Grounded narrative Model: deterministic-grounded Source: persisted

Updated from current HFEPX corpus (Feb 27, 2026). This page tracks 30 papers for Cost In CS.LG Papers. Dominant protocol signals include automatic metrics, simulation environments, with frequent benchmark focus on GSM8K, NyayaBench and metric focus on cost, accuracy. Use the grounded sections below to prioritize reproducible protocol choices, benchmark-matched comparisons, and judge-vs-human evaluation checks.

Why This Matters For Eval Research

3.3% of papers report explicit human-feedback signals, led by expert verification.

Evidence: Multi-Objective Alignment of Language Models for Personalized Psychotherapy , How Do Latent Reasoning Methods Perform Under Weak and Strong Supervision? , SWE-Protégé: Learning to Selectively Collaborate With an Expert Unlocks Small Language Models as Software Engineering Agents , JSAM: Privacy Straggler-Resilient Joint Client Selection and Incentive Mechanism Design in Differentially Private Federated Learning
automatic metrics appears in 93.3% of papers in this hub.

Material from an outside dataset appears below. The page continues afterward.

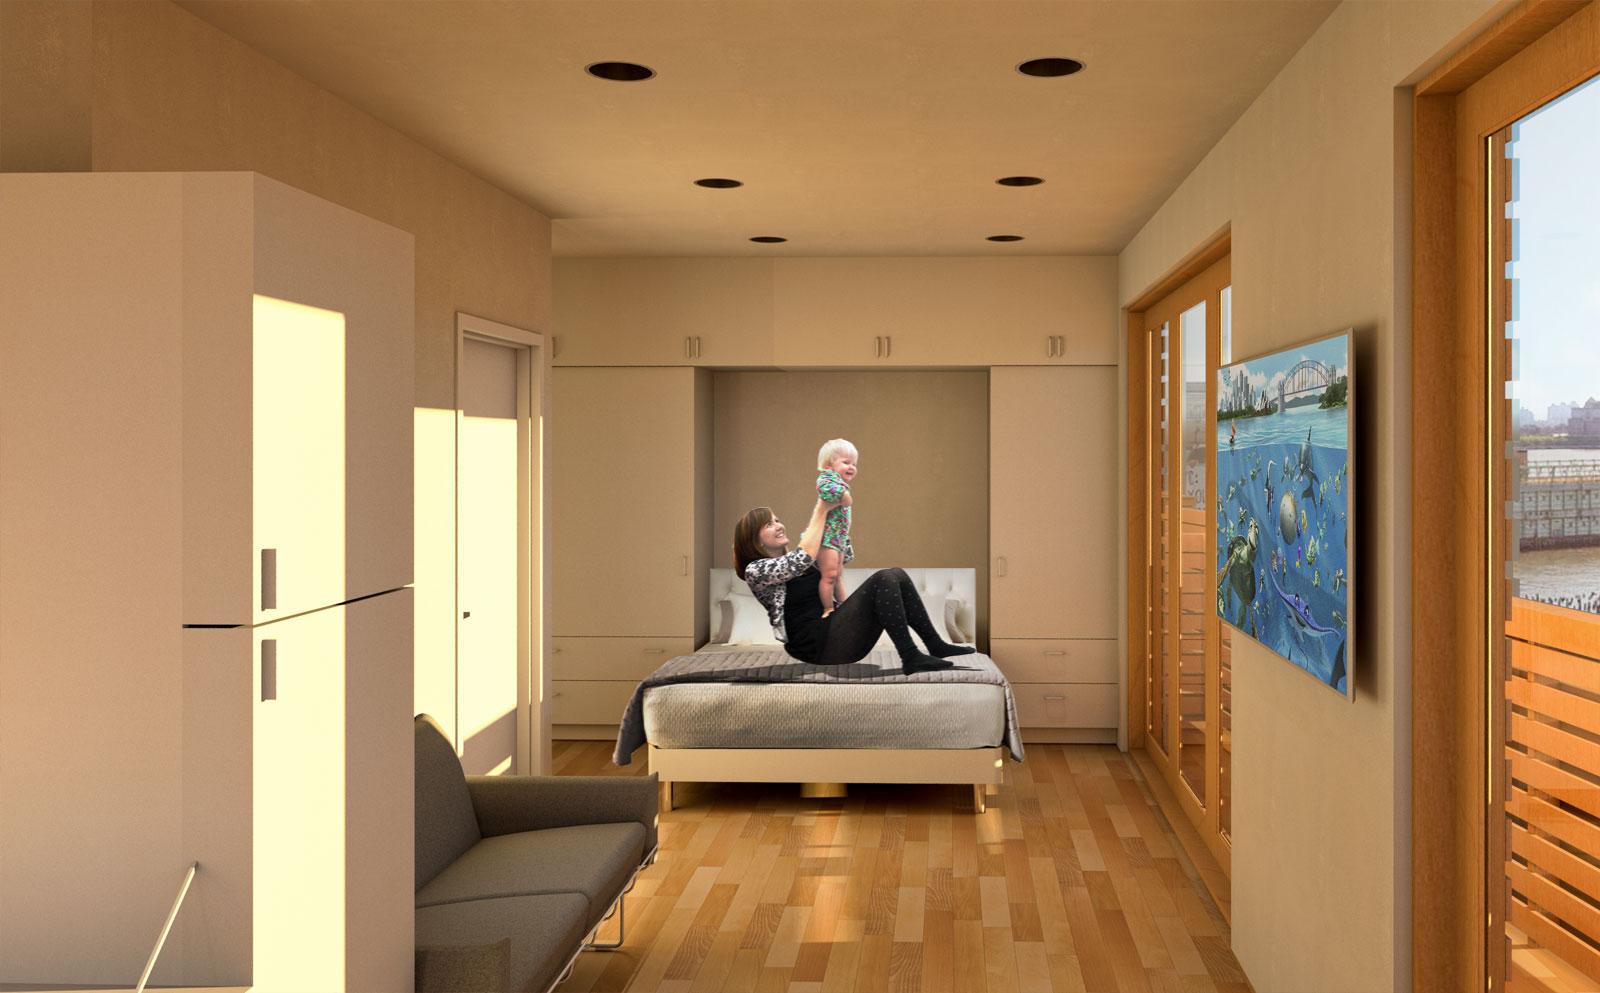 Multi-purpose space as bedroom
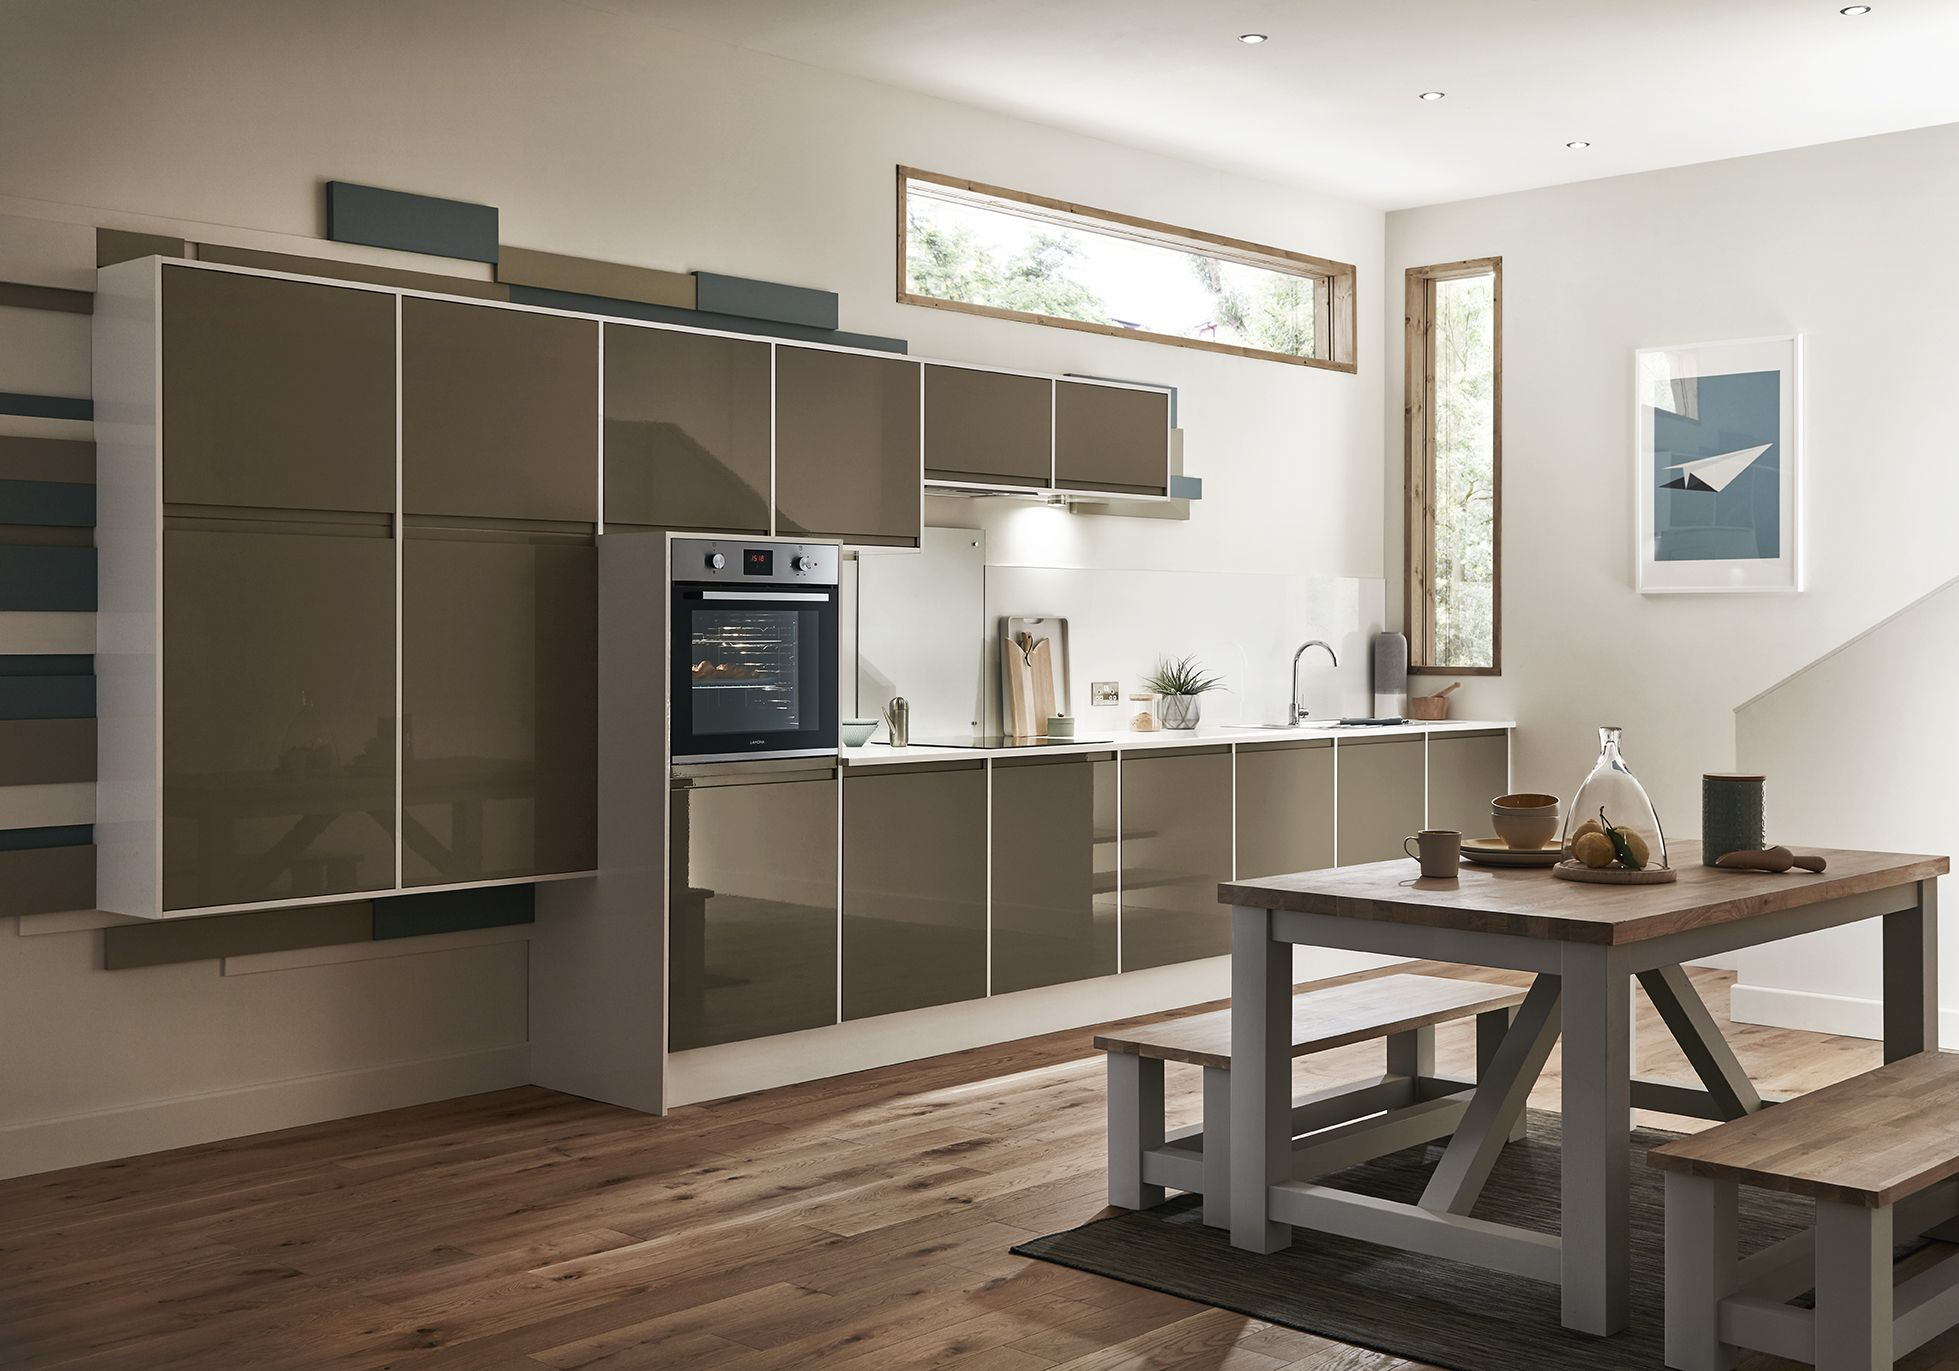 natural uno white high gloss kitchen design interior | Kitchens in 2019 | Modern kitchen design, Interior design ...

Evidence: How Do Latent Reasoning Methods Perform Under Weak and Strong Supervision? , SWE-Protégé: Learning to Selectively Collaborate With an Expert Unlocks Small Language Models as Software Engineering Agents , JSAM: Privacy Straggler-Resilient Joint Client Selection and Incentive Mechanism Design in Differentially Private Federated Learning , From Basis to Basis: Gaussian Particle Representation for Interpretable PDE Operators
GSM8K is a recurring benchmark anchor for cross-paper comparisons in this page.

Evidence: Pyramid MoA: A Probabilistic Framework for Cost-Optimized Anytime Inference , How Do Latent Reasoning Methods Perform Under Weak and Strong Supervision? , SWE-Protégé: Learning to Selectively Collaborate With an Expert Unlocks Small Language Models as Software Engineering Agents , JSAM: Privacy Straggler-Resilient Joint Client Selection and Incentive Mechanism Design in Differentially Private Federated Learning

Protocol Takeaways

Most common quality-control signal is rater calibration (6.7% of papers).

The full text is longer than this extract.